Personal information
- Full name: Eleni Tampasi
- Nationality: Greece
- Born: 18 September 1976 (age 49) Tripoli, Greece
- Height: 1.63 m (5 ft 4 in)
- Weight: 63 kg (139 lb)

Sport
- Sport: Judo
- Event: 63 kg
- Club: Ethnikos G.S. Athens

= Eleni Tampasi =

Greek judoka

Eleni Tampasi (Ελένη Ταμπάση; born 18 September 1976 in Tripoli) is a Greek judoka, who competed in the women's half-middleweight category. She picked up two Greek senior titles in her own division, and represented her home nation Greece at the 2004 Summer Olympics in Athens.

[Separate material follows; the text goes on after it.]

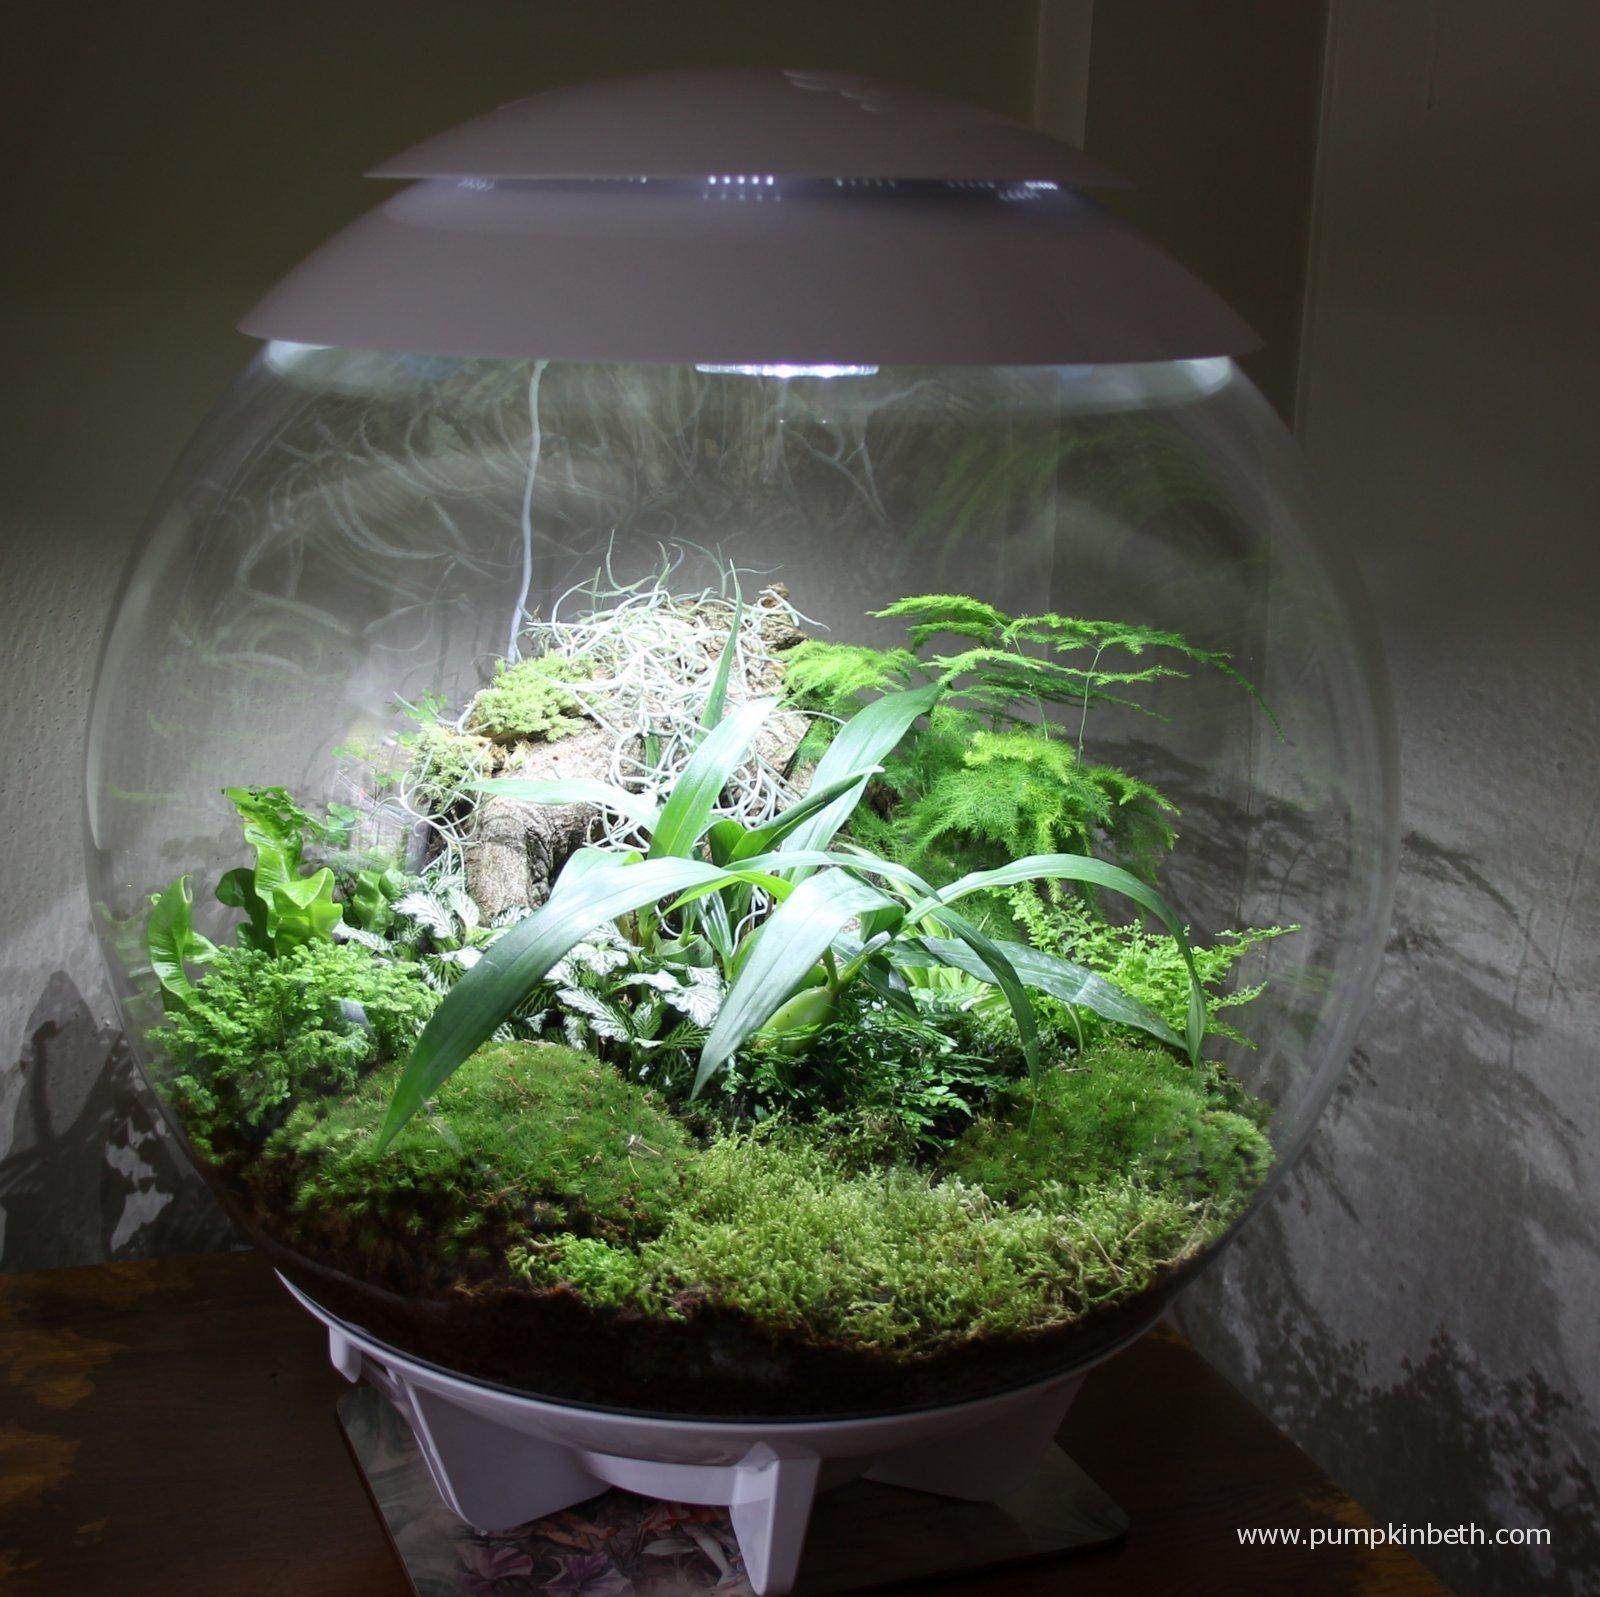 Indoor Gardening - Magazine cover

Tampasi is also a full-fledged member of the judo squad for Ethnikos G.S. Athens.

Tampasi qualified for the Greek squad in the women's half-middleweight class (63 kg) at the 2004 Summer Olympics in Athens, by filling up an entry by the International Judo Federation and the Hellenic Olympic Committee, as Greece received an automatic berth for being the host nation. She lost her opening match to Belgium's Gella Vandecaveye, who successfully scored an ippon and gripped her on the tatami with a kuzure kami shiho gatame (broken upper four-quarter hold-down) assault at three minutes and twenty-two seconds.